Lo stare leggeri e presenti di Vincino che mi intimidiva
Portava in sé un mistero diverso, che non potevi immaginare. Era una gara tra timidi, ma lui mi ha sempre messo in soggezione
Per lungo tempo, anzi è stato sempre, Vincino mi ha messo in soggezione. O, se avesse un senso l’espressione – ma a lui piacevano i paradossi, erano capriole del libero pensiero – direi che Vincino ha eccitato la mia timidezza. Sì, quell’uomo gentile, e il più affabile del mondo. Forse era una gara tra timidi, ma non ce lo siamo mai detto. O un dislivello di percezioni, dovuto anche all’altezza, che era iniziato in un’altra vita, in un altro giornale, come per tutti noi che lo avevamo conosciuto prima.
Quando non c’era il tablet, forse nemmeno il fax, e per recuperare i suoi disegni bisognava andare a casa sua, e lui li aveva fatti su ritagli di ritagli di carta. Pezzetti esplosi di un puzzle fantastico, ma continuo e senza strappi, la striscia di un disegno infinito, come i dipinti giapponesi. Era una lotta mai dichiarata tra timidi, forse anche un vibrare su lunghezze d’onda differenti. Ma a poco a poco, a furia di familiarità con quel suo tratto sottile, da antico incisore, con quelle sue battute a scarabocchio che non erano mai sentenze grevi e senza scampo, ma voli in altre dimensioni, ho capito che non era la timidezza, o la frequenza differente dei nostri modi di scherzare.

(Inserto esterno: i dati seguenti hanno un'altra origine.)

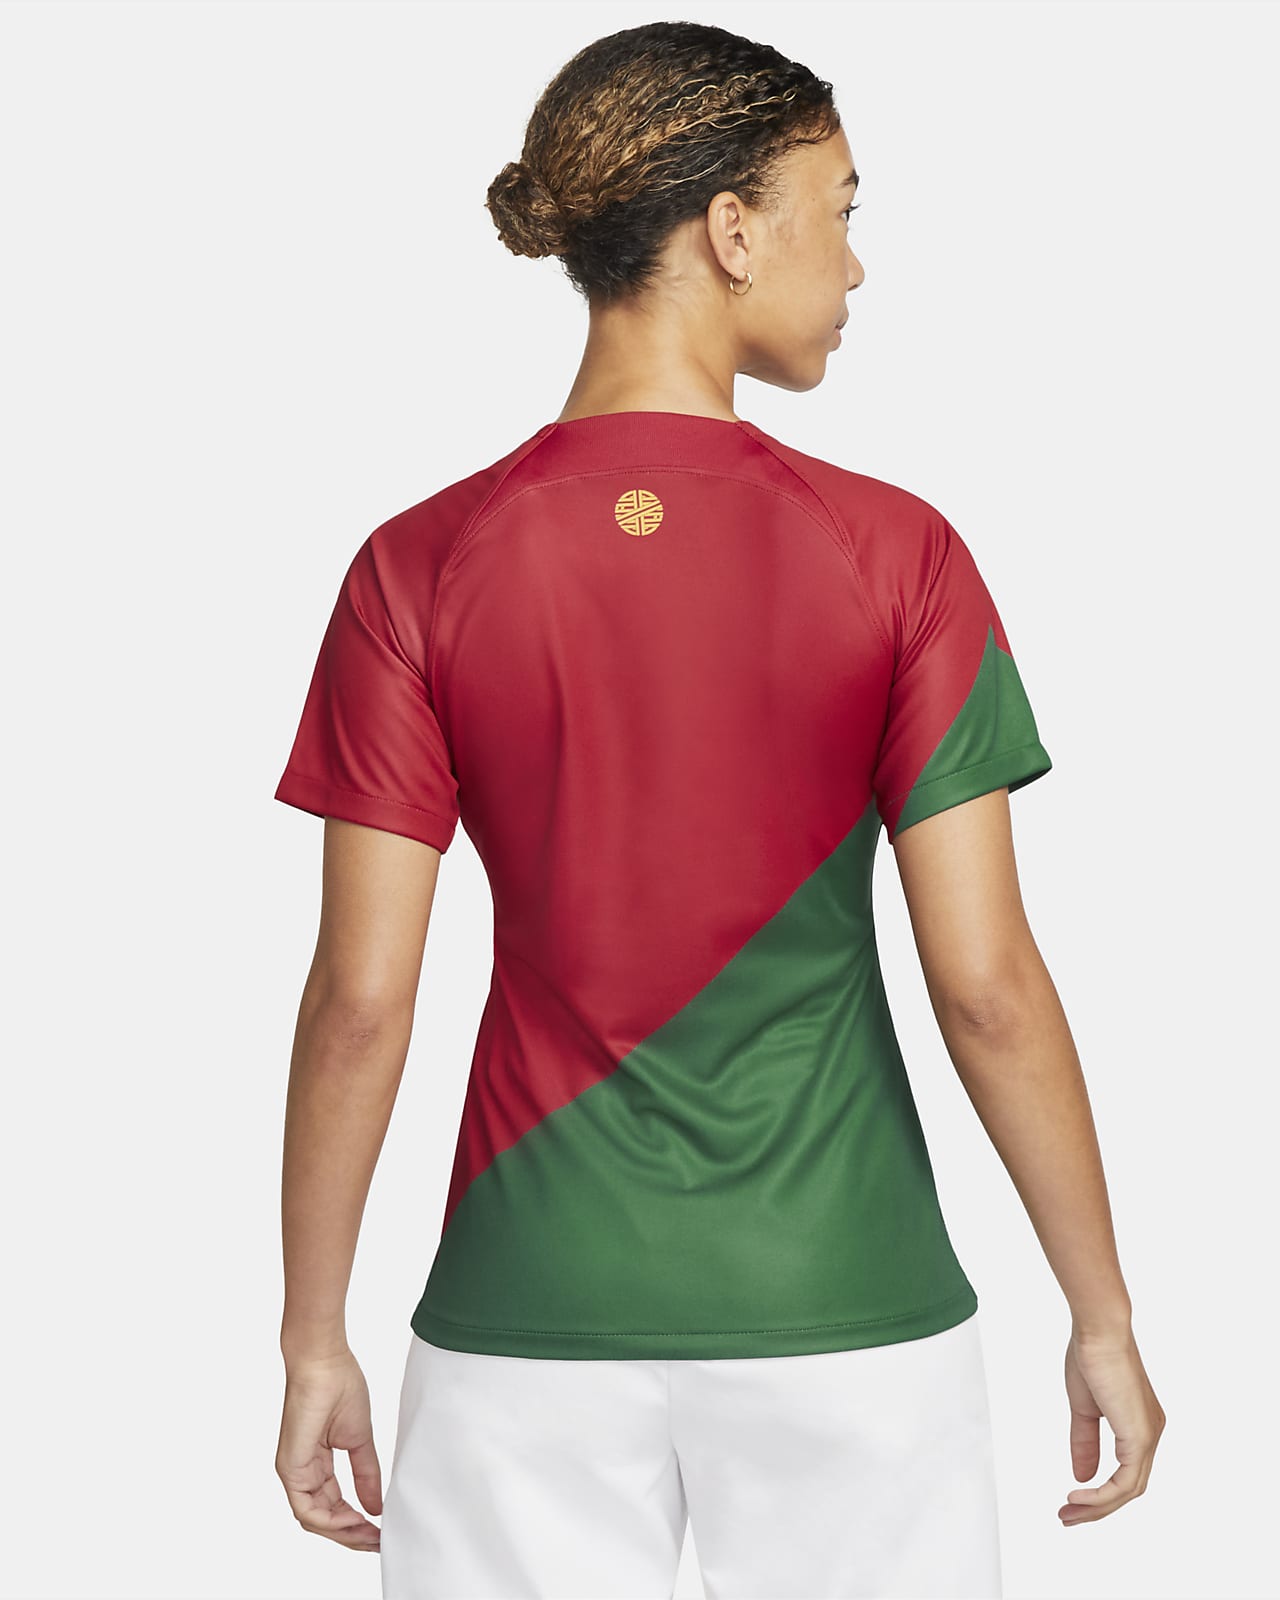 Nouveau Maillot Officiel de Football Homme Nike Portugal Domicile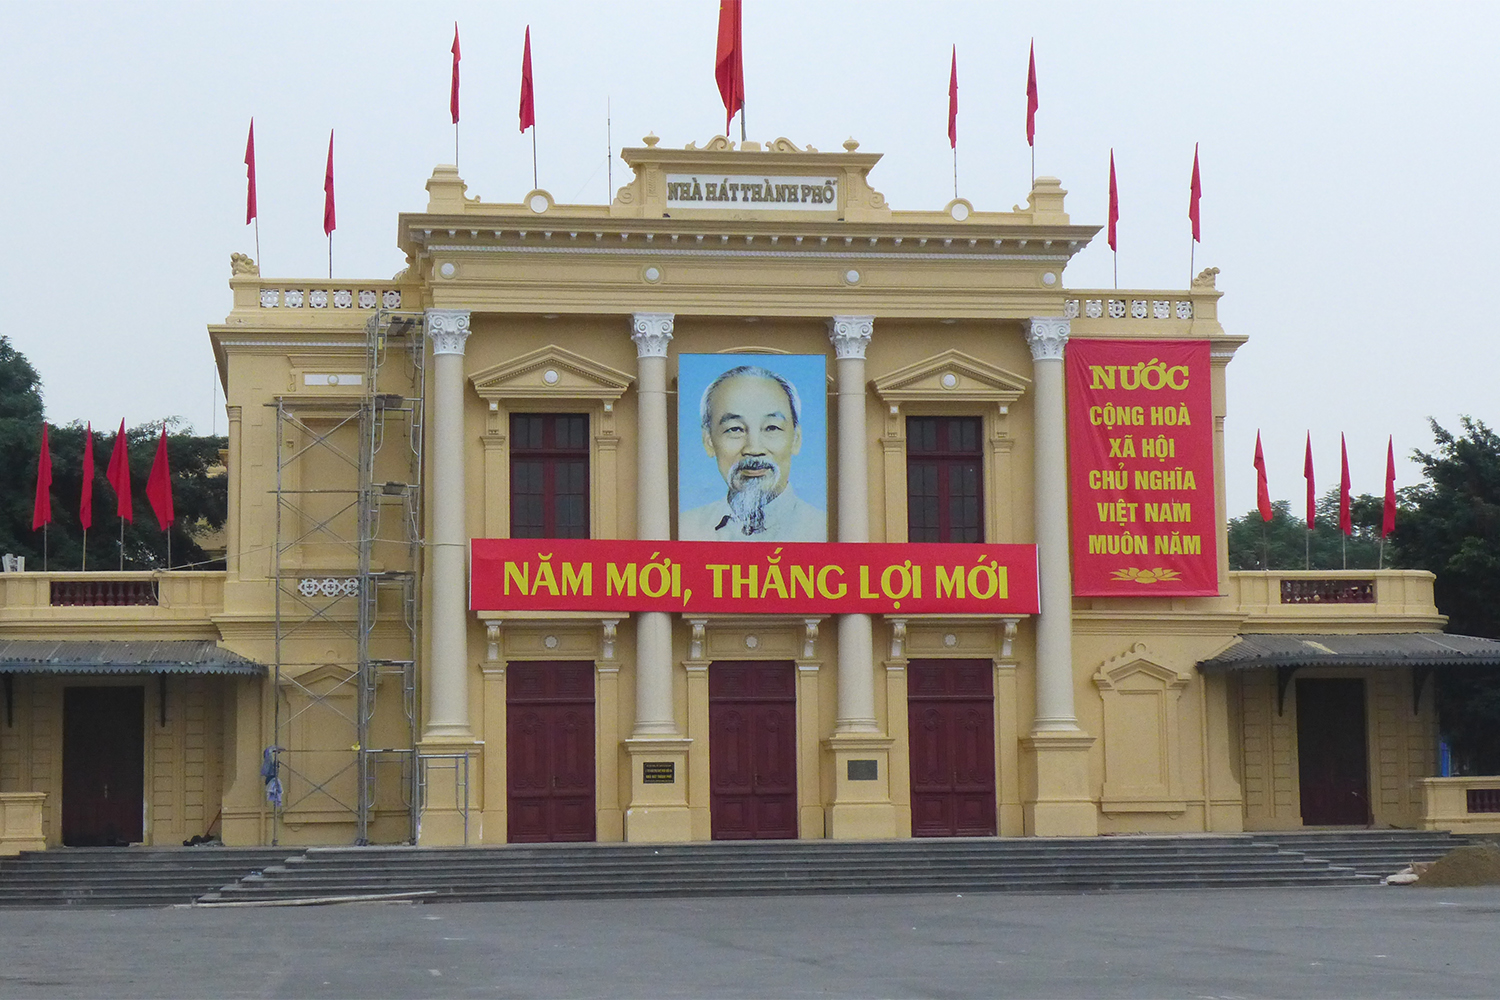 A Haiphong, sur la place principale. L’oncle Hô, tel qu’on appelle ici Hô Chi Minh, le fondateur du pays, est omniprésent.

Era che Vincino portava in sé un mistero diverso, una nuvola di pensieri spinti più in là. E non li potevi immaginare. Intuivi che c’erano, ma saperli, no. Gli scivolavo accanto, senza afferrarlo, per dirlo con il verso di una canzone. O per dirlo con un’altra, era il fascino di “questo stare leggeri e presenti, cantando fuori dal coro”, che era il suo genio.